Living Famously
One of the things that gave the golden age of Hollywood its glow - apart from the films that is - is that you were not treated to the gory ins ands outs of who did what to whom. (Or if one reads this week's Who magazine, who has just had their first pedicure, who got custody of his beagle cross, Maggie May, when he divorced a famous Australian actress and . . well, you get the idea.) While, Living Famously (ABC, Saturday nights, 7.30pm) doesn't quite sink to those depths it certainly takes the shine of its stars.
On last Saturday night's Living Famously (ABC, Saturday nights, 7.30pm) a cameraman who worked with Humphrey Bogart on many films, informed us that Bogey was charismatic in front of a camera and exceedingly dull when off. Not to mention - according to both critics and friends - a drunk.
The subject of tonight's documentary is Clark Gable, the King Of Hollywood from the 1930s to the 1950s. He starred with almost every leading lady, from Greta Garbo and Joan Crawford on, and had affairs with most of them. - though not his co-star Marilyn Monroe, who had always told people he was her father. That story always seemed nuts to me until this documentary made it clear he could well have fathered half the children in LA. After his death Loretta Young's 'adopted' daughter Judy Lewis, was told Gable was her dad and Young her biological mother. To avoid the controversy of an illegitimate child by a married man Young was forced by Warner Brothers to put Judy in an orphanage before 'adopting' her at 18 months.

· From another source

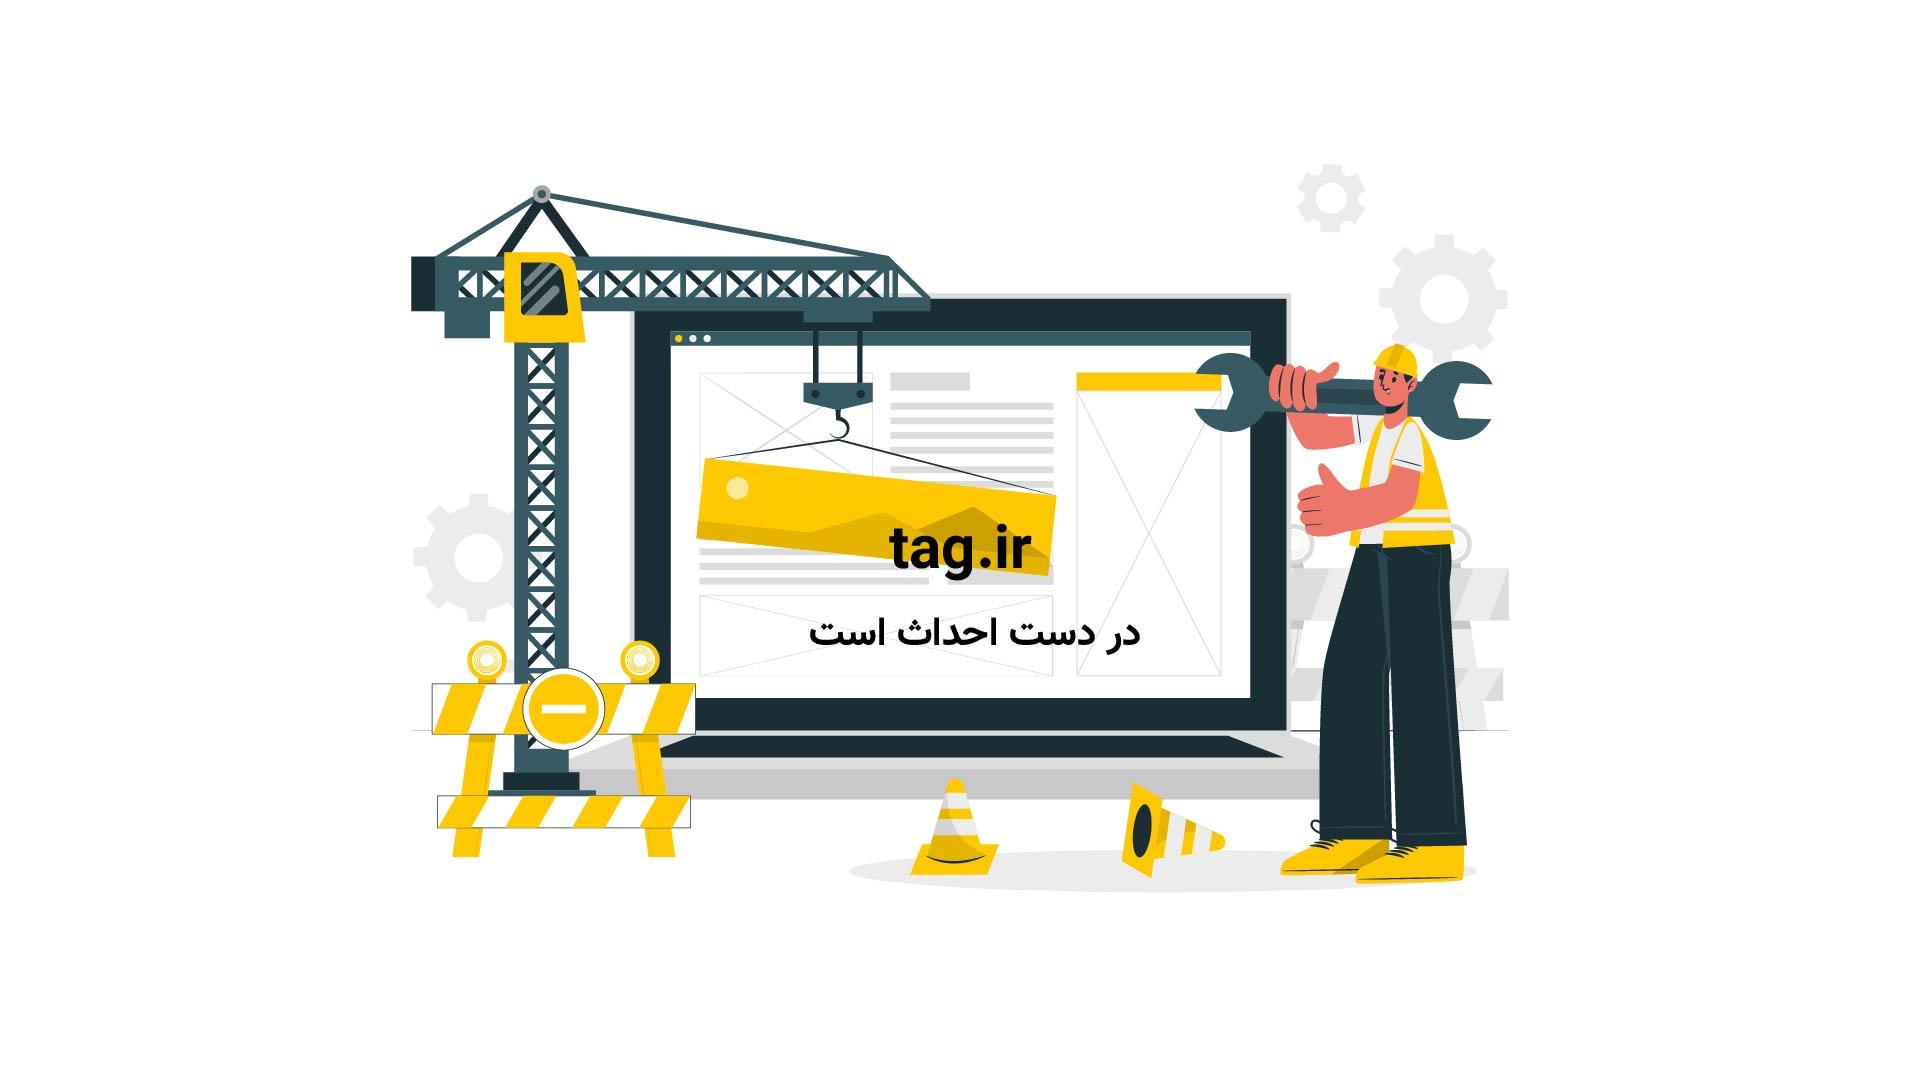 انفجار در بزرگترین کارخانه صنایع شیمیایی آلمان کشته داد   فیلم

Carole Lombard, it seems, was the only woman Gable truly loved - perhaps because but she was killed in a plane crash not so long after they had married. The years after her death passed, so we are told, 'in a blur of brothels and alcohol'.
Bogart died of throat cancer at 57. Gable only makes it to 59. Grace Kelly, the subject of next week's episode, was killed in a car accident when in her early fifties. Fame, it seems, does not ensure longevity. It does, however, ensure a lot of sex - and, in the case of Kelly and Gable, with each other.
It would also seem you don't have to act (or sing) well to become famous - footage of these stars first films is often excruciating. But one of the terrific things about this series is watching these performers develop their talent over the years, and the charisma that has enabled them to endure. It is impossible not to feel a thrill watching Bogart in Casablanca, Gable in Gone with the Wind, or Kelly in Rear Window. While tarnished, they still have their glow.
So, if you are brave enough to hear the often-unpalatable truth keep watching. Over this summer we will get the low down, on, among others, Alfred Hitchcock, James Dean, Maria Callas, Oliver Reed, Peter Sellers, Stan Laurel and Oliver Hardy, Marvin Gaye (that'll be depressing) and Bing Crosby.